Em seu primeiro depoimento ao Ministério Público, Protógenes Queiroz informou que atuava sob as ordens diretas do presidente da República, sob a coordenação do delegado Paulo Lacerda, com a colaboração de área de inteligência militar, com o conhecimento do procurador Rodrigo de Grandis e do juiz Fausto De Sanctis.

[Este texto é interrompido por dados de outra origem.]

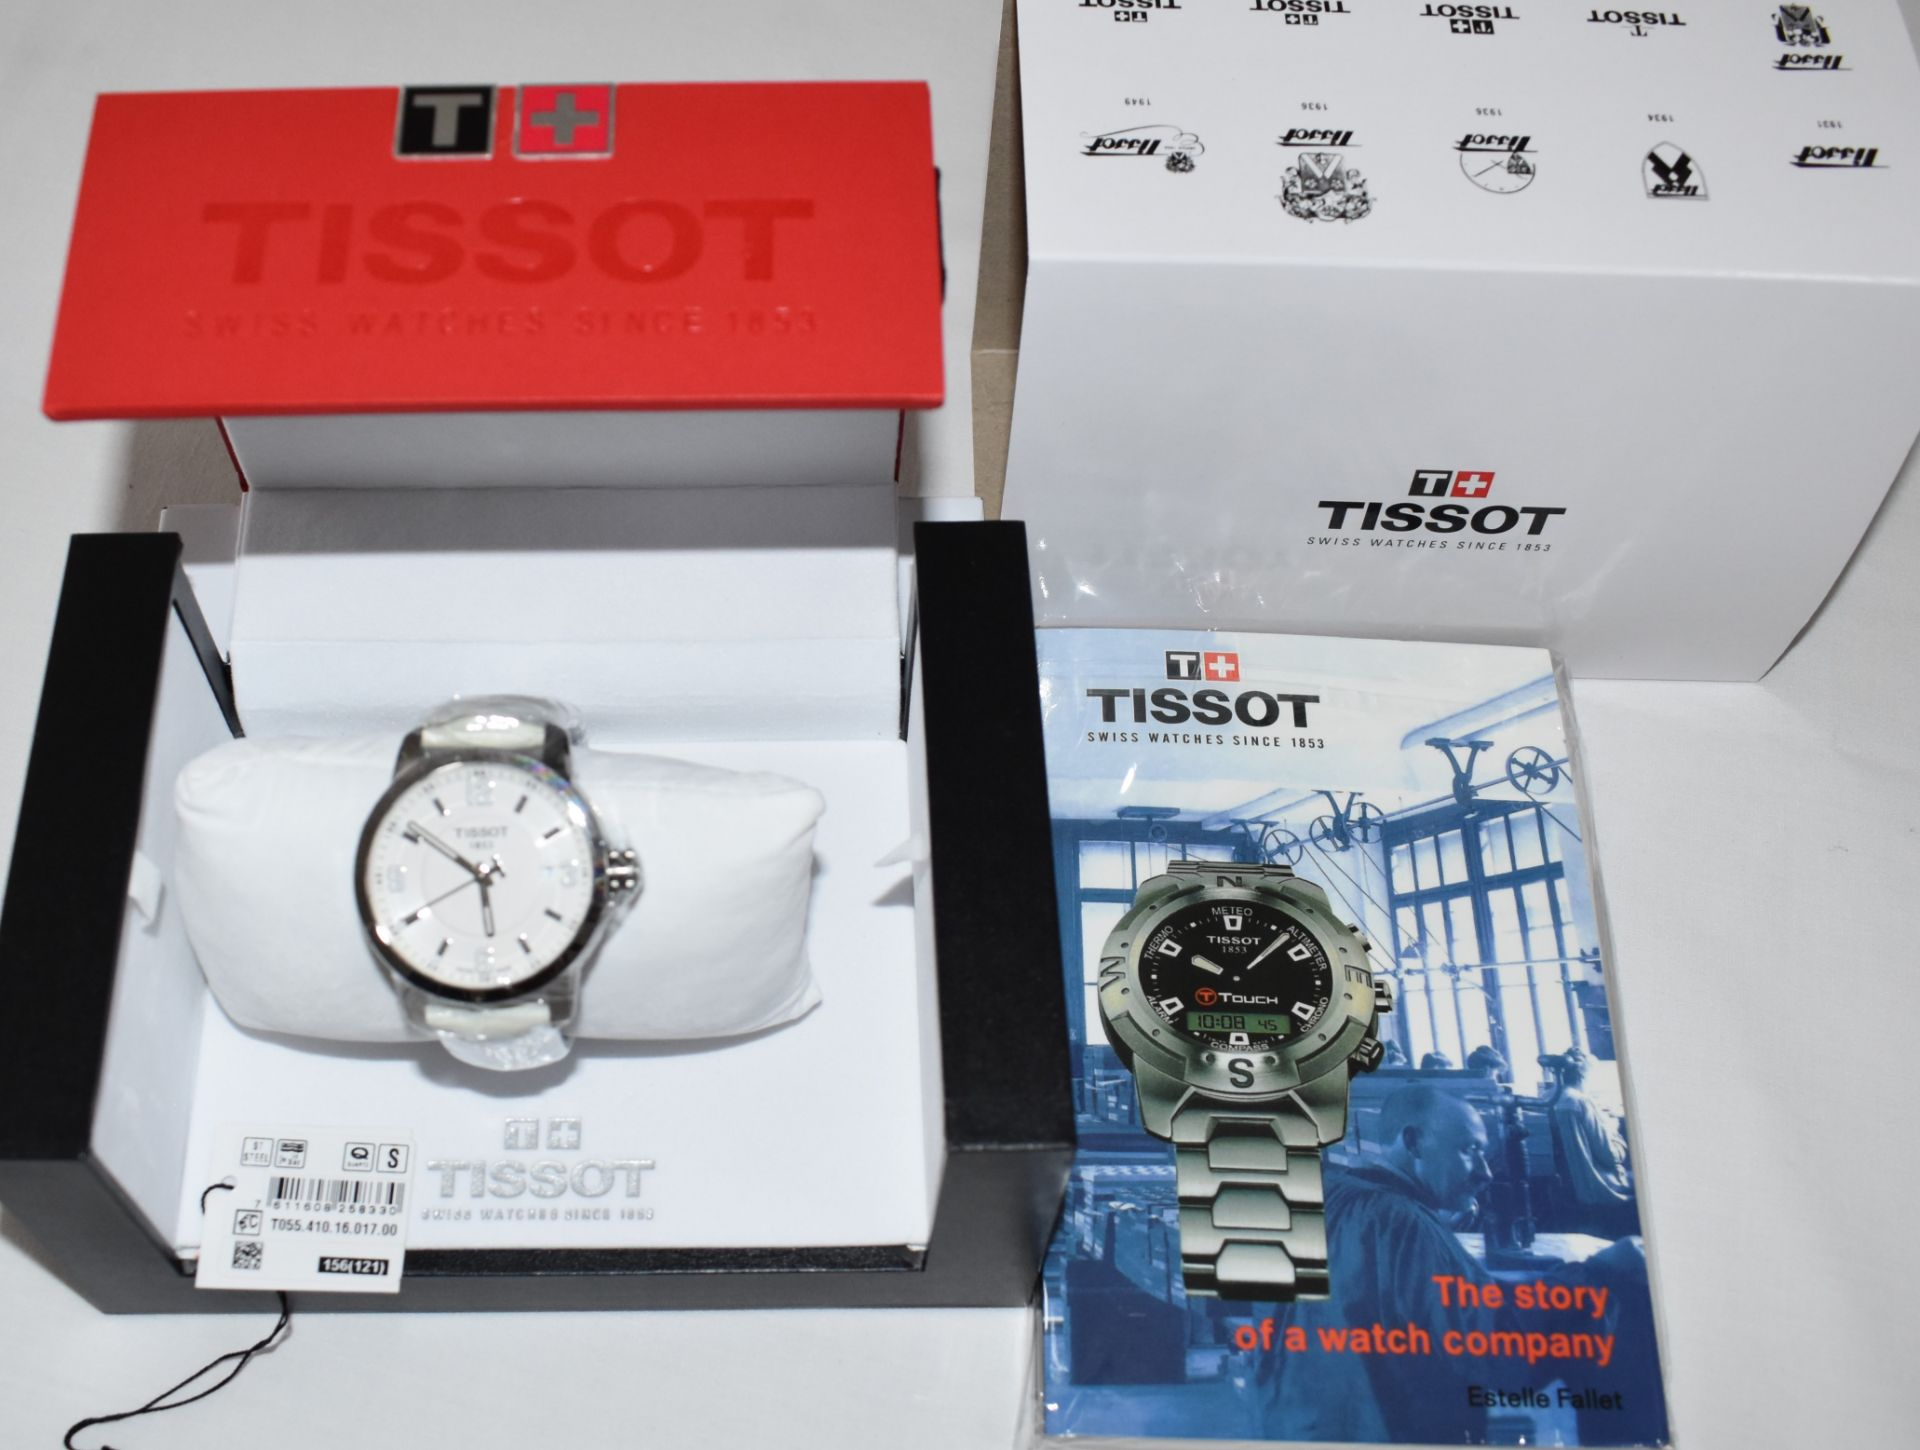 Tissot Men's Watch TO55.410.16.017.00 - Image 3 of 3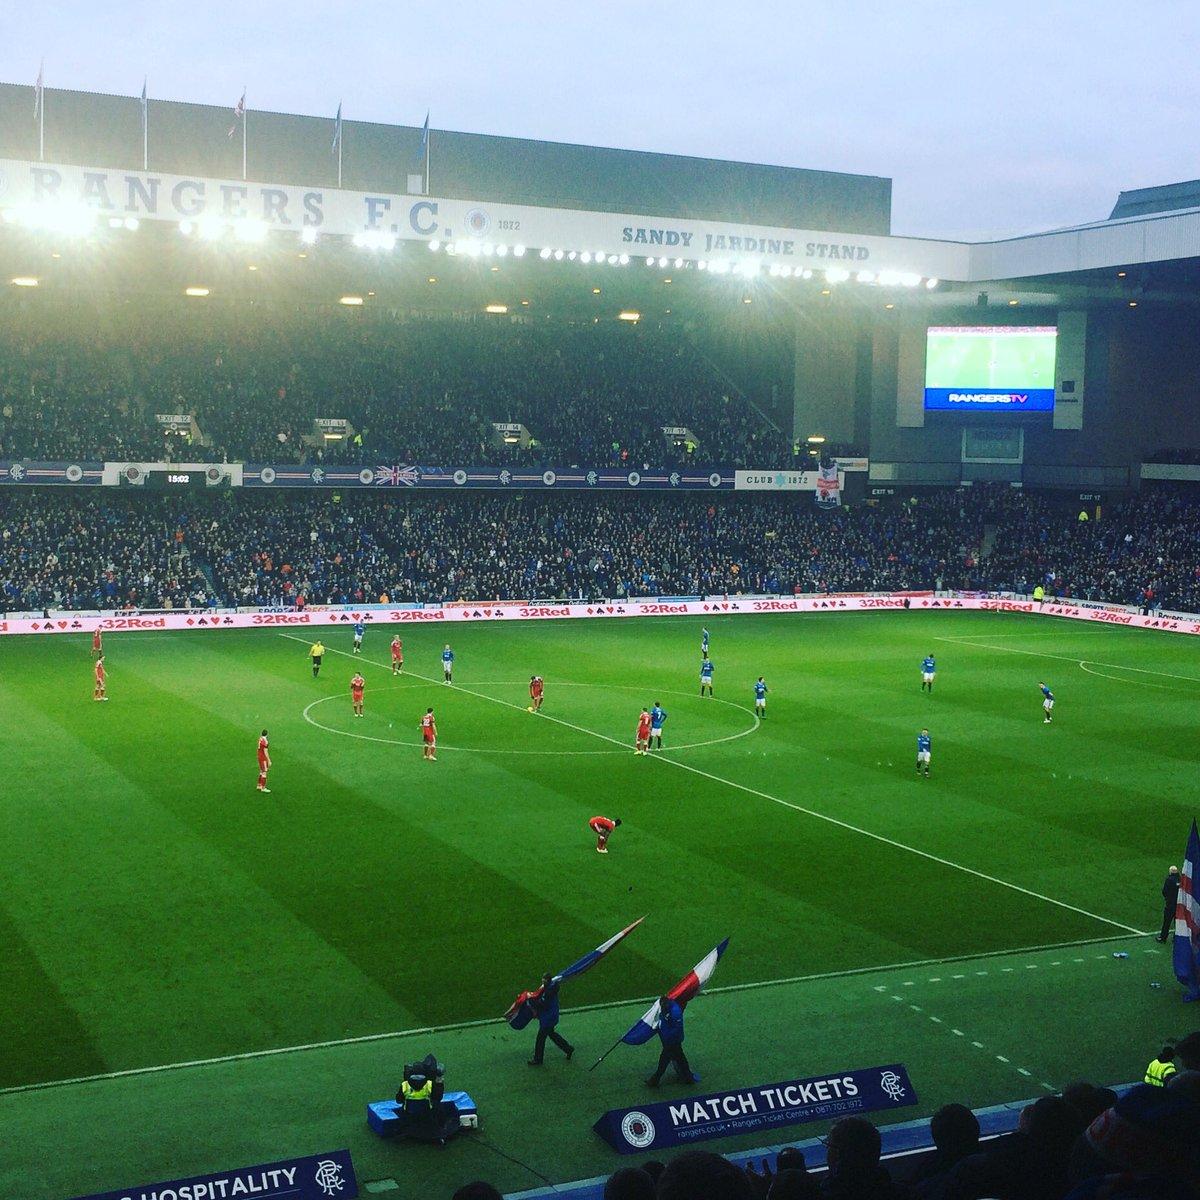 @RangersFC v @AberdeenFC earlier at Ibrox https://t.co/97t9uO9buZ

Depois disso, retificou várias vezes suas palavras, desmentiu a participação de todos os outros, admitiu apenas a participação informal e pontual de um ou outro agente da Abin, até que na última quarta-feira se apresentou à CPI dos Grampos em silêncio quase absoluto garantido por habeas corpus do Supremo Tribunal Federal.
Foi loquaz apenas ao acusar. Seja Daniel Dantas ou aqueles tidos por ele seus perseguidores dentro da PF, entre os quais, claro, o delegado Amaro Vieira. Convidado a explicar, calou-se. Supostamente, portanto, porque não poderia fazê-lo sem se incriminar ou sem aprofundar ainda mais as contradições em relação a declarações anteriores. Invocou o HC até mesmo para se recusar a responder a quem se reportava na PF durante a Operação Satiagraha.
De acordo com a investigação agora concluída, prestava contas diretamente ao diretor-geral Paulo Lacerda, a quem continuou a se dirigir mesmo depois da transferência de Lacerda para o comando da Abin.
Na primeira vez em que estiveram na CPI, sem habeas corpus, ambos negaram essa relação, tal como rechaçaram o uso da agência na investigação dos crimes de Daniel Dantas. Quando muito, falaram em "meia dúzia" de agentes para serem desmentidos pela revelação, logo em seguida, de que haviam sido 85.
Depois disso, a polícia descobriu que Protógenes armazenava monumental arquivo de informações sobre autoridades, jornalistas, gente comum, políticos, cuja utilidade é ainda desconhecida, embora possa ser presumida.
Por causa dessa descoberta, a CPI, que já se preparava para fechar as portas sem concluir coisa alguma, resolveu reabrir os trabalhos. Chamou Protógenes, chamará Daniel Dantas, prepara-se para obrigar Lacerda a comparecer.
E por que obrigar se o próprio Lacerda há 15 dias disse à CPI que voltaria quando fosse necessário e estaria sempre à disposição? Porque o ex-diretor da PF, ex-chefe da Abin e atual adido policial na Embaixada do Brasil em Portugal mudou de ideia?
Na terça-feira passada mandou uma carta para a CPI dizendo que na condição de "agente diplomático" estaria impedido de comparecer, na próxima quarta-feira, pela Convenção de Viena. Baseada na Constituição brasileira, contudo, a CPI decidiu manter a convocação. Já esperando que Paulo Lacerda vá lançar mão de algum subterfúgio e, no limite, invocar primeira vez, como fez Protógenes, o direito ao silêncio.
Mas, como pedir o habeas corpus sem se pôr sob suspeita? Protógenes alegou receio de ser preso. Era um artifício para obter o habeas corpus com o intuito exclusivo de não falar. Paulo Lacerda, se também precisar calar, pode recorrer ao estratagema do colega e alegar constrangimento por parte da CPI.